When creating my fantasy sports spinoff, Fantasy Congress, I thought it was important to offer a live draft. I implemented this, but it needs to be improved upon.
One of the biggest problems I am having is broadcasting a consistent count down timer to all of the clients. Each person has one minute during their turn of the draft to make a pick. All of the connected clients need to know how much time is remaining for each turn.
The current app uses websockets (via socket.io). Every second an update to the timer is broadcasted to all the connected clients. However, sometimes the timer might pause and then suddenly jump 10 seconds ahead of where it was. My assumption is that this happens when someone has a slow connection.
I was considering running individual timers in each browser to avoid this jumping around. But turn changes will still have to be communicated somehow. Assuming the best way to do this would still be via websocket, some might receive the turn change before others. This means they might think it's still their turn when it's not, or that it was someone else's turn when in reality it is 5 seconds into their turn.
How would you tackle something like this?
Top comments (6)
Welcome to the distributed systems and time hell!
You may want to check how real-time multiplayer games solve these problems, there are more approaches. You already have a start (the server is the source of truth) now you just need to sync the clients.
One issue may be if you use JS timers/timeouts, if the tab doesn't have the focus the ticks will be in slow mode. You can use workers (I think) and read the local time to improve the accuracy.
One way would be a mix between server signals, server time and user local time.
If you know in advance at what time a specific players turn can begin (even 1 minute should work) you can send it beforehand, and his client can begin its phase based on its local timer.
Even if the connection is slow its PC time should work ok and the player should see that is his turn. If the command arrives at the server and is not its actual turn ofc the server will reject it.

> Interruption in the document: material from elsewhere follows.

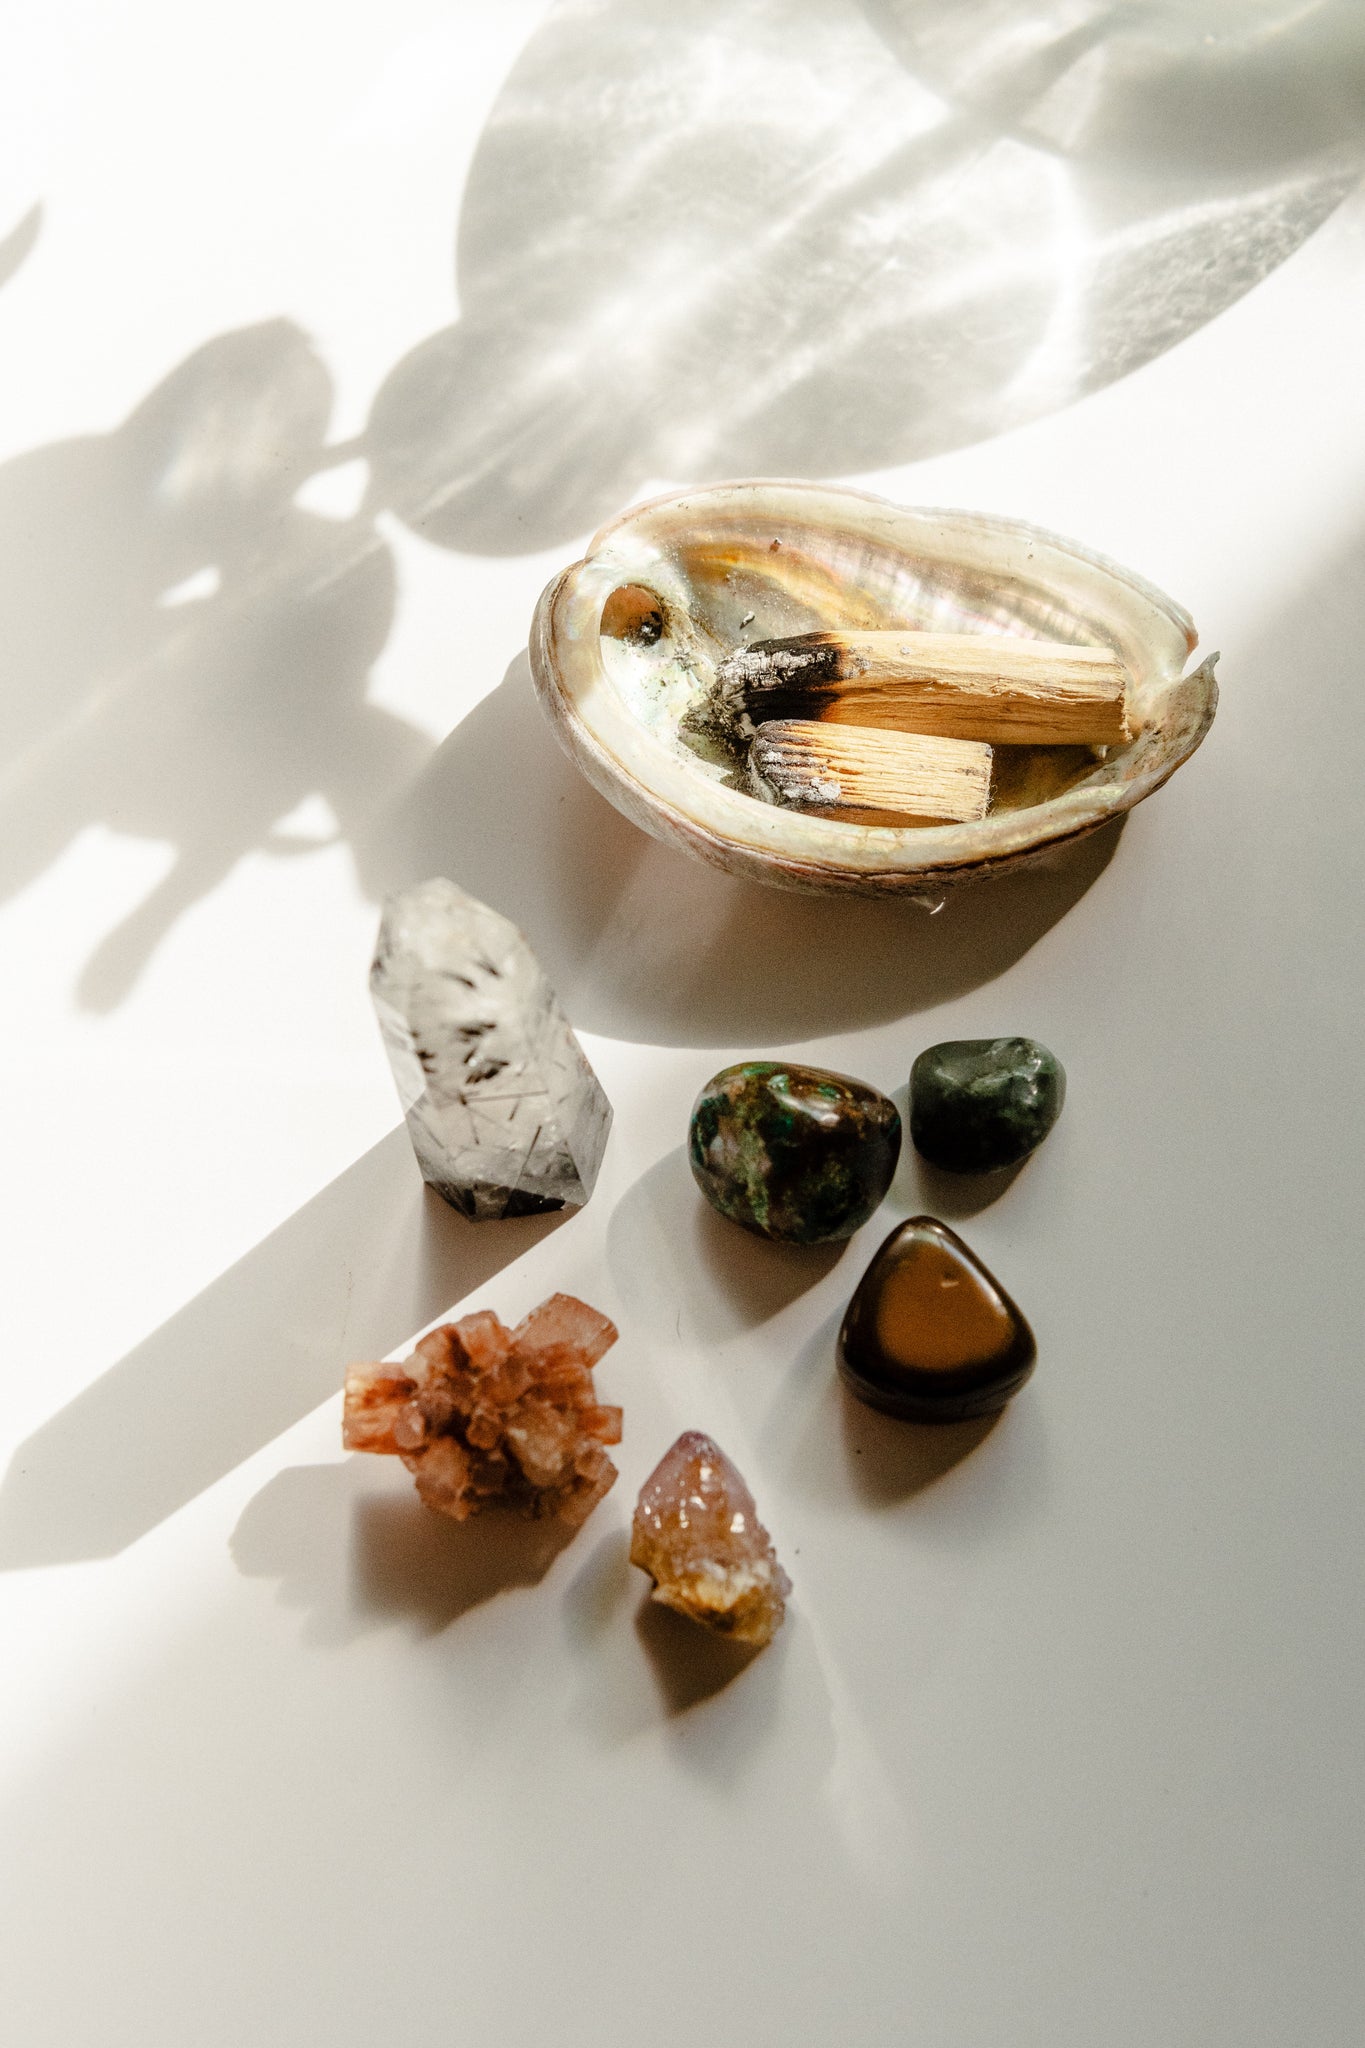 Experience the excitement of surprise with our Mystery Gemstone Gift Set. Receive a hand-picked gemstone bracelet, sphere, wand, worry stone, druzy, pyramid, incense, smoke wands, or resins valued from $15-$40. Perfect for gifting or personal surprises. Unveil the unexpected! Please note: Multiple mystery gift items may not be all different. No returns or exchanges on mystery gifts

Bottom line 1 minute could be a too small time window if the users/game is casual, or 1 second sync times too big.
Interesting idea using the PC time. I was thinking I need to adopt some multiplayer game techniques but I don't know the first thing about video game development. Will look into it.
I stumbled upon a video that treat all 3 subjects and I remembered this topic:
youtu.be/GX4595KeZyc
Maybe Firebase Realtime Database would be of use here. I haven't used it a ton, but in my experience the realtime updates are really quick. This thread says its updates are around 100ms latency, which should be more than enough to broadcast time changes every second.
Omg if that is true this would be perfect. Will look into it π
Firebase will do the trick, just a reminder to calculate your payment prediction for a year or so, I heard some horror stories about it.